The TFSA is a great savings vehicle for all Canadians, but young investors can really take advantage of its benefits to build a substantial cash stash for retirement.
Stocks vs fixed income
Many people hold interest-paying GICs and Canada Savings Bonds in their TFSAs. That makes sense if you are older or absolutely cannot afford to take on any risk. Unfortunately, these investments pay very little interest and don’t provide the opportunity for capital gains that investors can get from stocks.
The great thing about the TFSA is the ability savers have to harness the power of compounding by investing in dividend-paying companies and reinvesting the distributions in new shares.
When this is done inside the TFSA, the full amount of the dividend can be reinvested, and the capital gains on the stocks are not subject to any tax.

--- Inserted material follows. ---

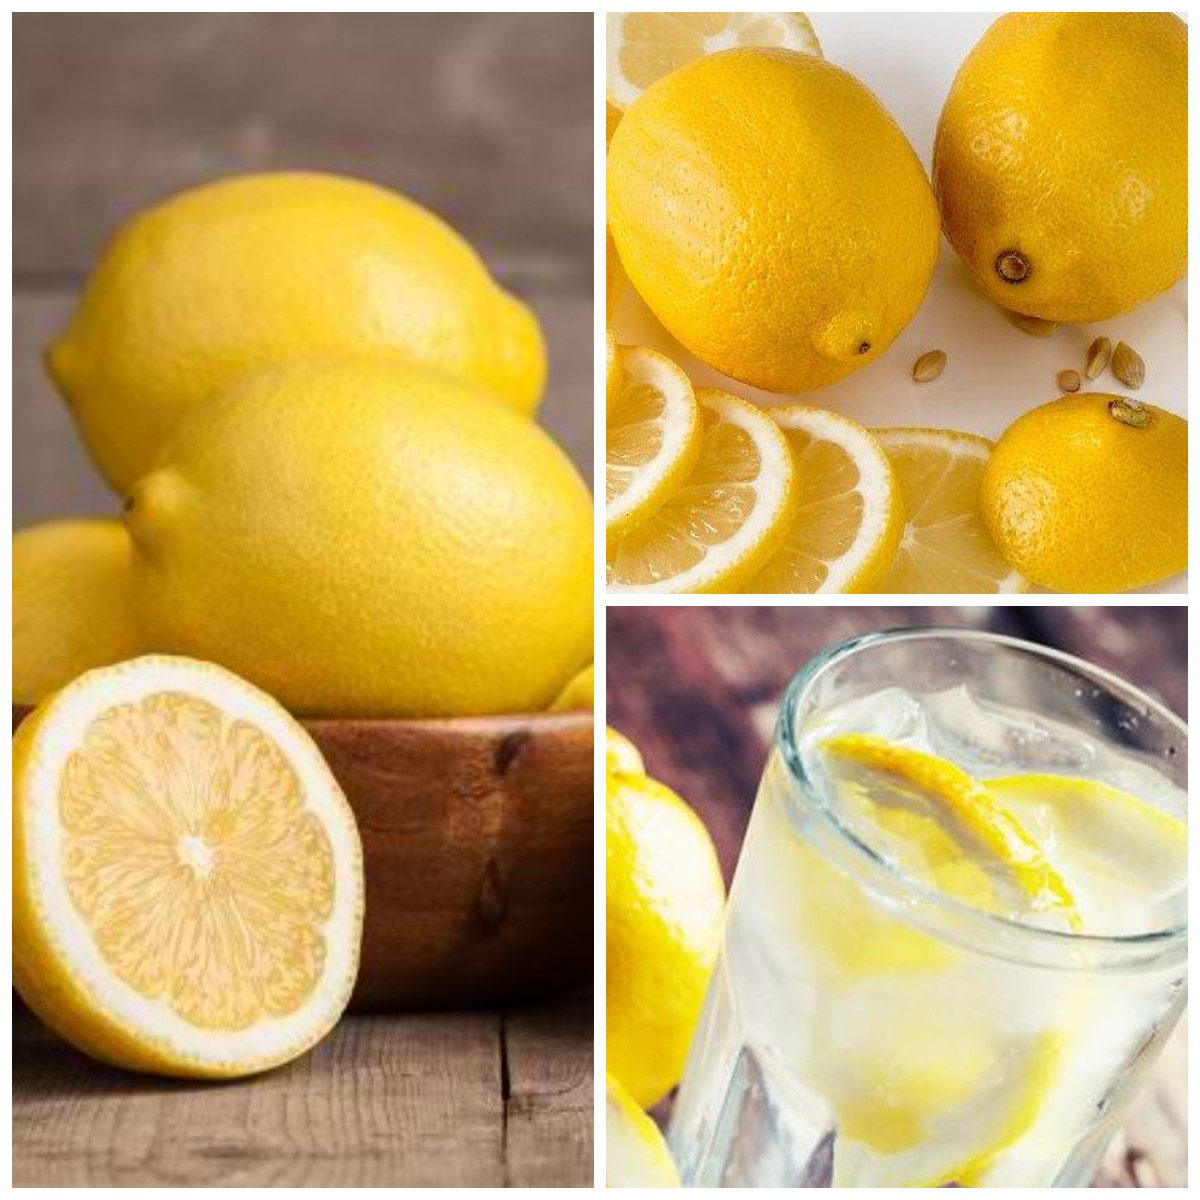 Jika Kalian Miliki Penyakit Jantung, Coba Manfaatkan Buah Lemon yang Kaya Akan Khasiat!

The strategy is useful for investors of all ages, but young savers have time on their side, and small initial investments can grow substantially over the course of 20 or 30 years.
Which stocks are best?
Investors should look for dividend-growth companies that have long track records of paying rising distributions supported by strong revenue and earnings growth.
Ideally, these companies hold leadership positions in their industries and enjoy competitive advantages that make it difficult for new entrants to spoil the party.
The Canadian market has a number of great companies to choose from. Let’s take a look at Bank of Montreal (TSX:BMO)(NYSE:BMO) and Rogers Communications Inc. (TSX:RCI.B)(NYSE:RCI) to see why they are solid picks to get you started.
Bank of Montreal
Bank of Montreal reported Q3 2015 profits of nearly $1.23 billion. That’s no typo–the company really is that profitable. The bank isn’t as big as some of its peers, but it commands a strong position in the Canadian market and continues to invest in opportunities that ensure it has the diversification needed to maintain its track record of growth.
The stock pays a quarterly dividend of $0.82 per share that yields about 4.3%.
A $10,000 investment in Bank of Montreal 20 years ago would be worth about $98,000 today with the dividends reinvested.
Rogers operates in an industry with very few serious competitors. That’s a great situation to be in, and investors are reaping the benefits.
The company remains the country’s largest mobile operator and is working through a turnaround process to improve customer service. The media division is gaining steam, and investors who want to own part of the Blue Jays and the Maple Leafs can do so by holding this stock.
Rogers pays a quarterly dividend of $0.48 per share that yields 3.6%.
A $10,000 investment in Rogers 20 years ago would now be worth about $107,000 with the dividends reinvested.